Pachyderms Pack Up

Eight life-size replicas of extinct creatures were packed up for a road trip to San Diego Monday.   It’s a journey that’s meant to drum up excitement as the San Diego Zoo prepares to open the largest exhibit created in its history.

The sculptures of mammoths, prehistoric birds and a saber-toothed cat are traveling more than 2,000 miles from Wausau, Wisconsin, for the about-to-open “Harry and Grace Steele Elephant Odyssey.”

The family of mammoths includes Dad, who weighs 10,000 pounds.  There’s also a Ranchipur (who weighs 12,500 pounds), a Jefferson’s ground sloth, American lion, saber-toothed cat, Daggett’s eagle and Merriam’s teratorn.  The statues will be lifted by forklift onto flatbed trucks for their journey.

“This will be an exhibit of mammoth proportions!” said Rick Schwartz, San Diego Zoo’s Elephant Odyssey ambassador. “These new sculptures will allow Zoo guests to compare the animals of the past with those of today, while also learning how to save the animals of today from suffering the fate of their ancestors.”

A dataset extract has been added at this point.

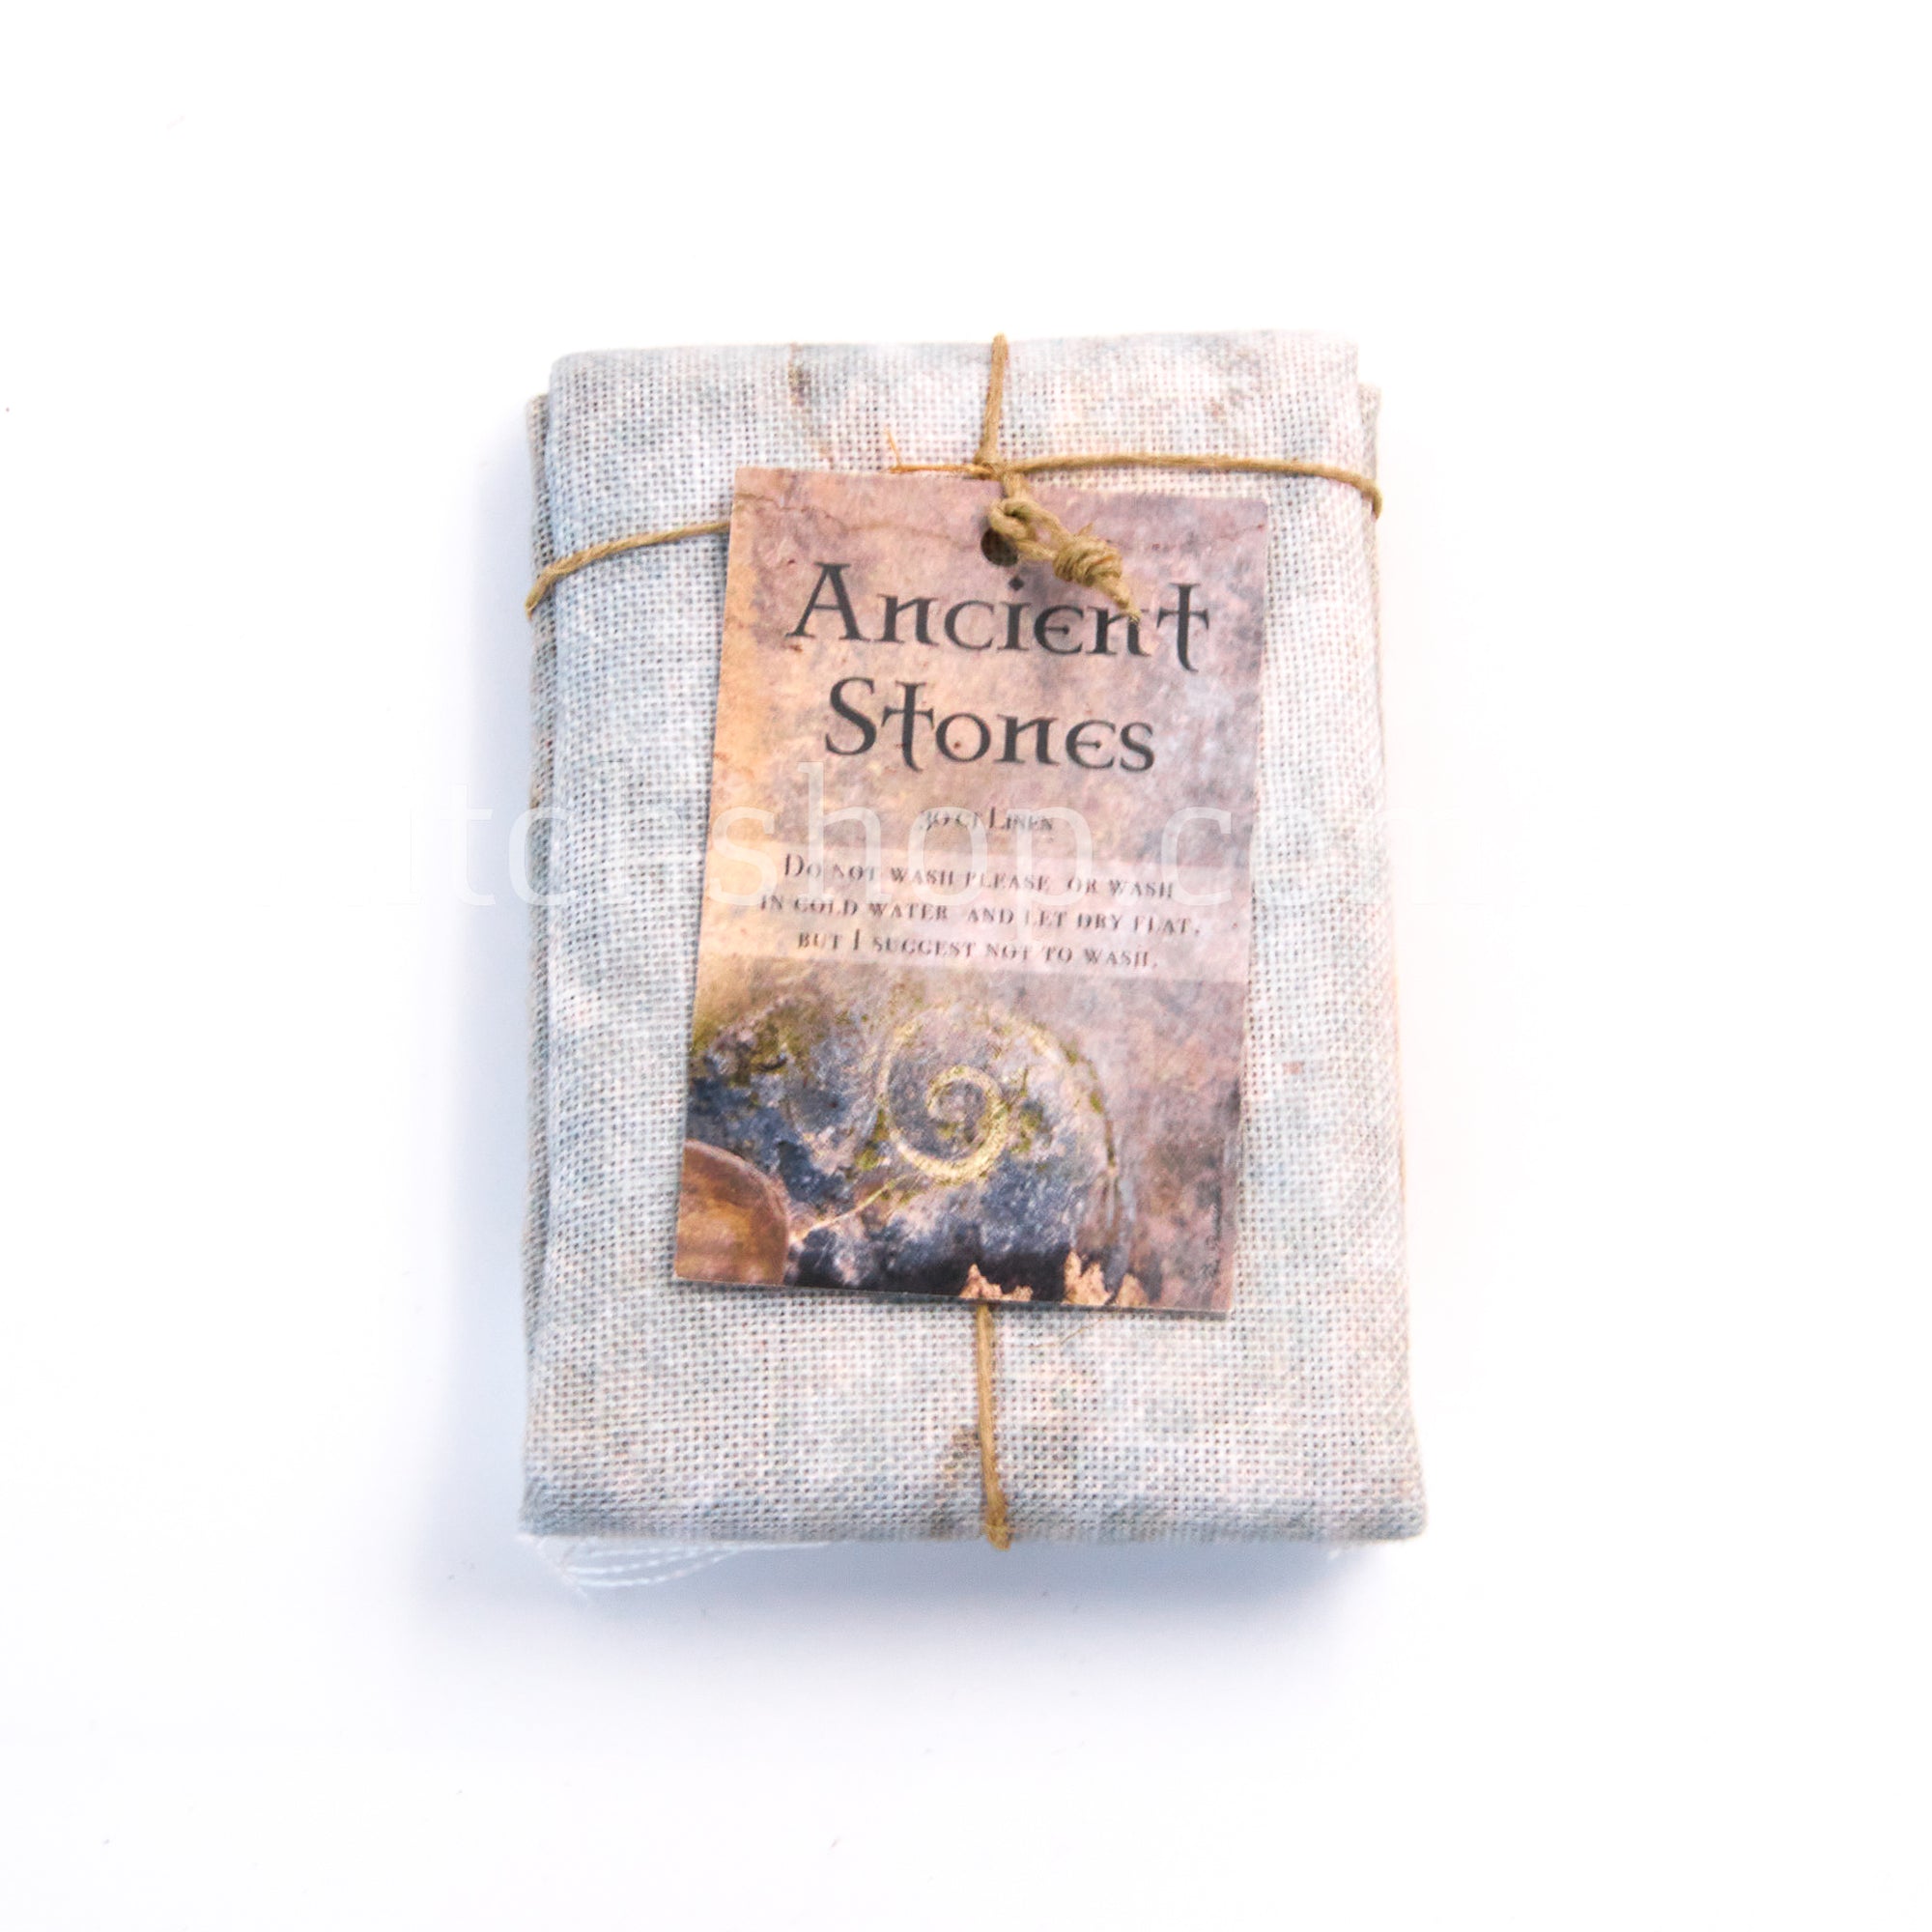 Ancient Stones 30Ct Linen by the Primitive Hare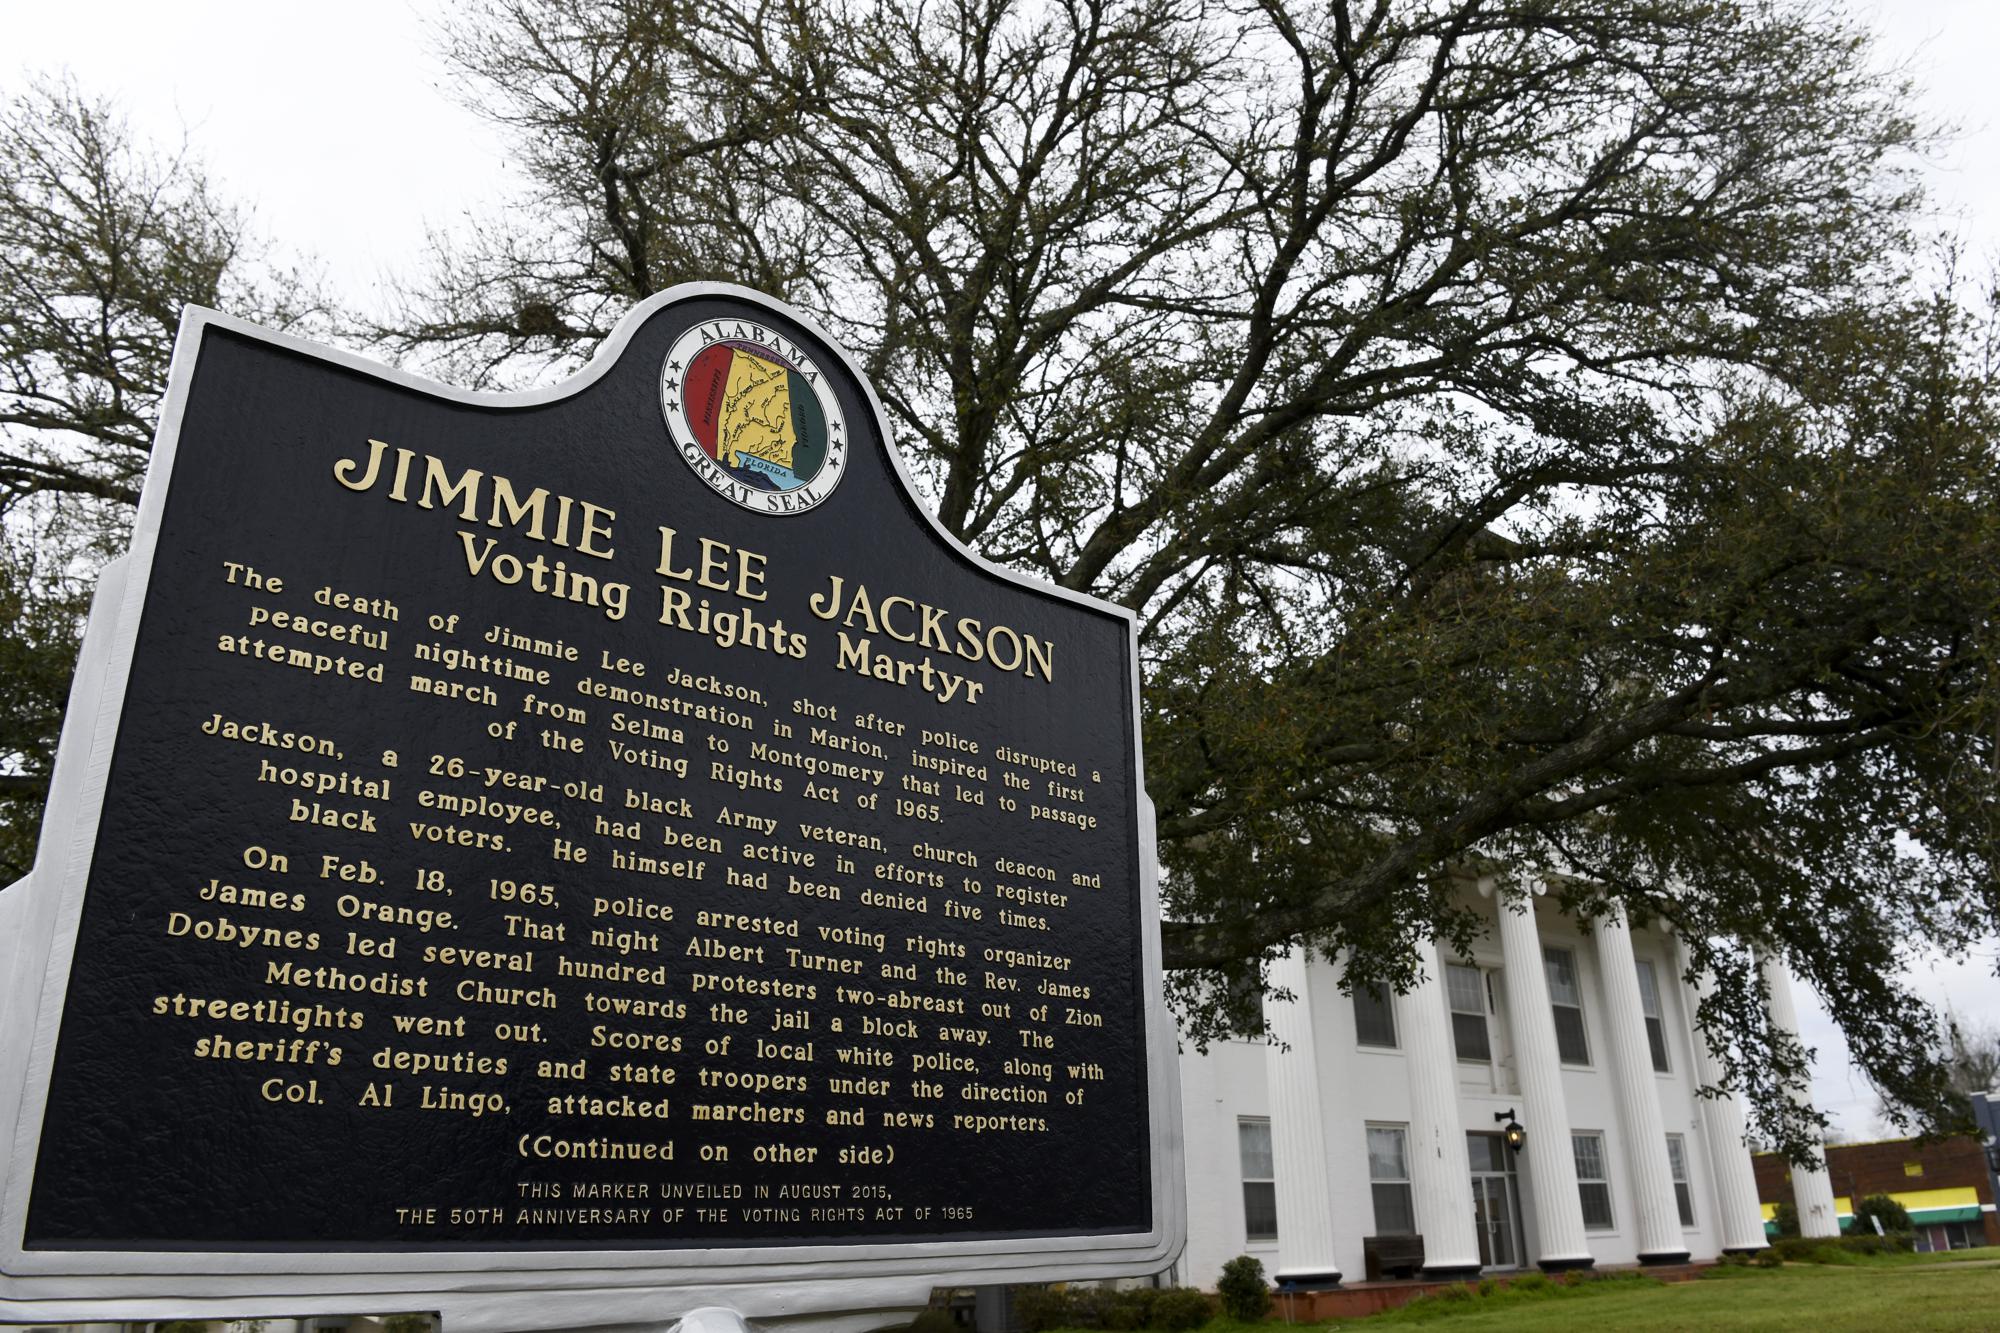 A historic marker honoring civil rights martyr Jimmie Lee Jackson near the Perry County Courthouse in Marion, Ala., on Feb. 16, 2020. Andrew Young, one of the last surviving members of Martin Luther King Jr.'s inner circle, recalled the journey to the signing of the Voting Rights Act as an arduous one, often marked by violence and bloodshed.(AP Photo/Julie Bennett, File)

A company called National Rock and Sculpture Inc. worked with zoo researchers to create the sculptures that began as rebar frames.  Fiberglass-reinforced concrete filled out the form before more concrete was applied and the creatures were hand-sculpted.  They used more than 25 gallons of acrylic paint to finish them off.

On April 6, crane operators lifted the mammoths and saber tooth tigers, each made a thin shell of concrete, and placed them on flat bed trucks.

The 7.5-acre, $45 million Elephant Odyssey debuts May 23 and will feature the Asian elephant, today’s relatives of the Columbian mammoth that wandered through San Diego thousands of years ago.